I think the main application in machine learning is more for efficiency of things like random projections and locality sensitive hashing (LSH.)
And by the way, it is useful to think of LSH’s as random features. Then using a LSH for weight block selection is rather like max-pooling based on random features.
It is rather extraordinary that you can taint random noise and transmit it in a way that you can detect but an adversary cannot. Though maybe it is just detectable through higher order correlations in low external noise situations, according to what Rader found in 1969.
Charles M. Rader was an influential electrical engineer and mathematician at MIT Lincoln Laboratory, best known for his work in digital signal processing.
FFT – He developed Rader’s algorithm (1968), which efficiently computes discrete Fourier transforms when the length is a prime number, reducing computation cost by mapping the problem to a convolution.

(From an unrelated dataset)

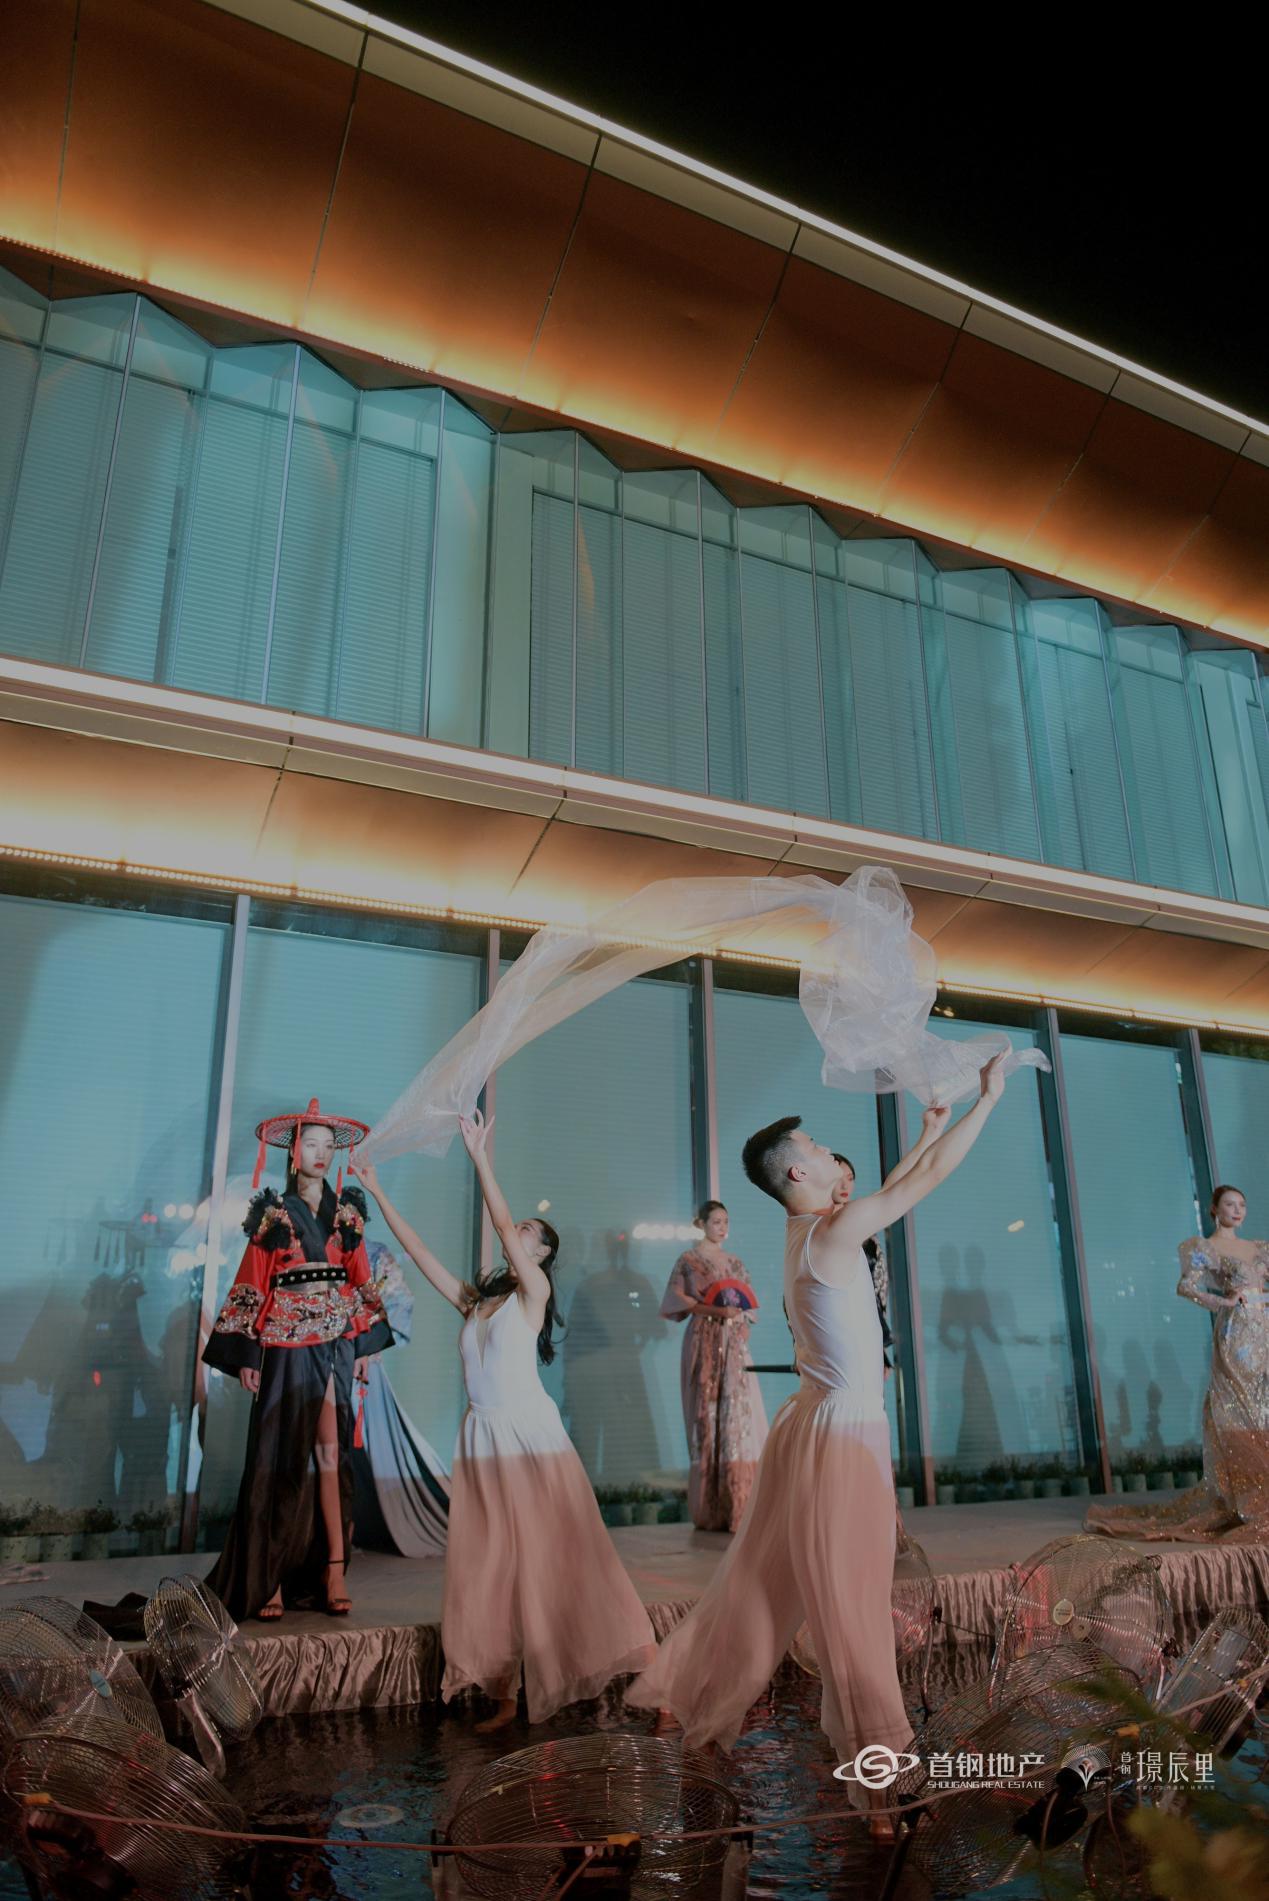 美学与艺术的交响,首钢璟辰里美学生活体验馆璀璨启幕

Walsh–Hadamard transform – He studied fast algorithms for the Walsh–Hadamard transform and its applications in communications and signal analysis.
Random number generation – He explored methods for producing pseudorandom sequences with good statistical properties, especially for simulations and communications testing.
Talking about “missed serendipity” Rader knew about the Walsh Hadamard transform, he knew about some effects of random sign flipping in relation to that. He (as far as we know) failed to connect up the ideas to create fast Random Projections, which he was only a hair’s breadth away from.